Vote early - Vote often


----------



## kenstogie (Jun 14, 2005)

DWSC_Bob said:


> As I understand what Partagas has done is create a new tobacco plant and then also leave the leaf on longer till it turns black. So in your opinion, would this qualify as a Maduro?


In my opinion it is a grey area. It didn't really go through the fermentation process that a regular maduro wrapper leaf went through so I would be inclined to say no.


----------



## CIGma_Chi (Jan 26, 2005)

Guys, that was an all around excellent show! One of the finest yet. Congrats!


----------



## Dogwatch Dale-cl (Sep 7, 2005)

Glad you liked it Jeff. We went kind of long - 59 minutes instead of our usual 40 or so. I'd like some feedback from the listeners on that. Is up to an hour too long? I imagine most of you are busy just like me. Does everyone have enough time to listen to a show that long? Should we try to stay under 45 minutes or is an occasional longer show OK?


----------



## CIGma_Chi (Jan 26, 2005)

Dogwatch Dale said:


> Glad you liked it Jeff. We went kind of long - 59 minutes instead of our usual 40 or so. I'd like some feedback from the listeners on that. Is up to an hour too long?


I have to say I like the hour long format. I think it makes for an easier flow and there's no sense of having to try to cram things in there. To me, you both seemed much more relaxed and easygoing, if that's even possible. :r

Also very much enjoyed the music on this show. If I had this podacst downloaded for my half-marathon, it would have made the time pass much more smoothly, I think.

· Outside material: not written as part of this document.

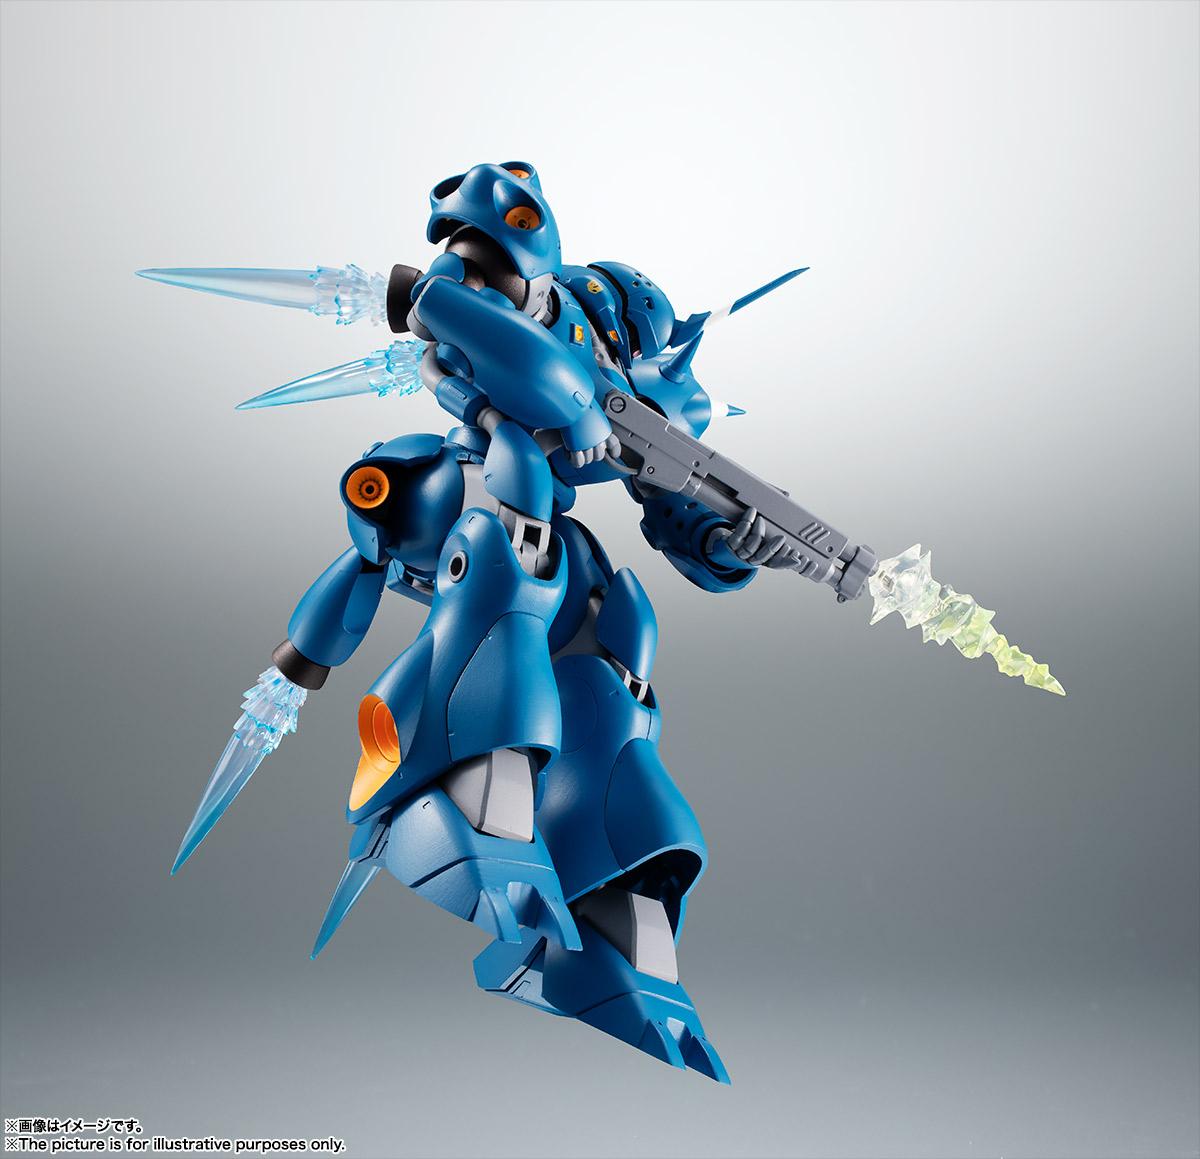 【再販】ROBOT魂〈SIDE MS〉『MS-18E ケンプファー ver. A.N.I.M.E.』可動フィギュア-006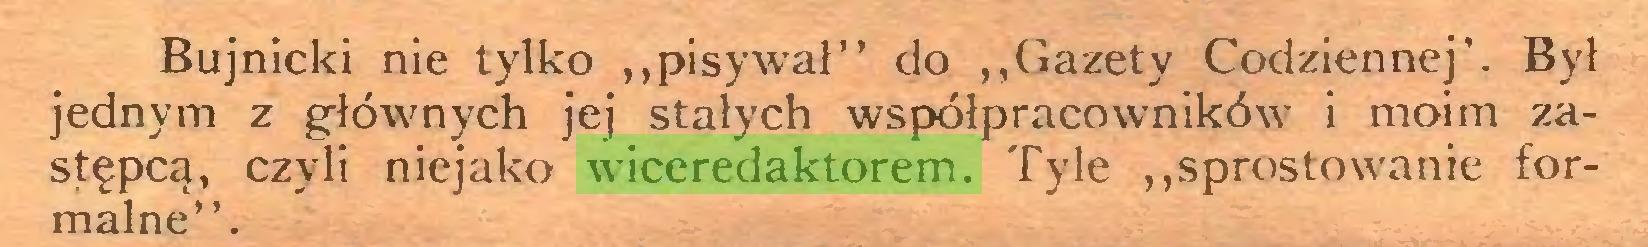 """(...) Bujnicki nie tylko """"pisywał"""" do """"Gazety Codziennej'. Był jednym z głównych jej stałych współpracowników i moim zastępcą, czyli niejako wiceredaktorem. Tyle """"sprostowanie formalne""""..."""

Think I'm gonna have another Triple Ligero tonight just because of the show.


----------



## Gurkha (Oct 1, 2005)

Dogwatch Dale said:


> Glad you liked it Jeff. We went kind of long - 59 minutes instead of our usual 40 or so. I'd like some feedback from the listeners on that. Is up to an hour too long? I imagine most of you are busy just like me. Does everyone have enough time to listen to a show that long? Should we try to stay under 45 minutes or is an occasional longer show OK?


 I vote for an hour! :2


----------



## BigDirtyFoot (Jun 20, 2005)

Since it is usually just one show per week, an hour is fine by me.


----------



## kenstogie (Jun 14, 2005)

Hey guys for me an hour is cool because it is close to hanging out but not for to long and besides you need an hour to smoke any cigar of any notable size.


----------



## catfishm2 (Nov 6, 2004)

An hour sounds great.


----------



## floydp (Jun 6, 2004)

And hour sounds great...


----------



## Dogwatch Dale-cl (Sep 7, 2005)

floydp said:


> An hour sounds great...


Ok guys, I'll quit worrying if we run up to an hour. Sounds like that's OK with most of this crew.


----------



## CIGma_Chi (Jan 26, 2005)

By the way Dale,

I heard you were building your own cabinet humidor. Are you gonna post pics? Talk about it on the show? Provide me a cut list and plans? :r

I'm a wannabe amateur woodworker and would like my first project to be a cabinet humidor of my own.


----------



## Dogwatch Dale-cl (Sep 7, 2005)

CIGma_Chi said:


> I heard you were building your own cabinet humidor. Are you gonna post pics? Talk about it on the show? Provide me a cut list and plans? :r
> 
> I'm a wannabe amateur woodworker and would like my first project to be a cabinet humidor of my own.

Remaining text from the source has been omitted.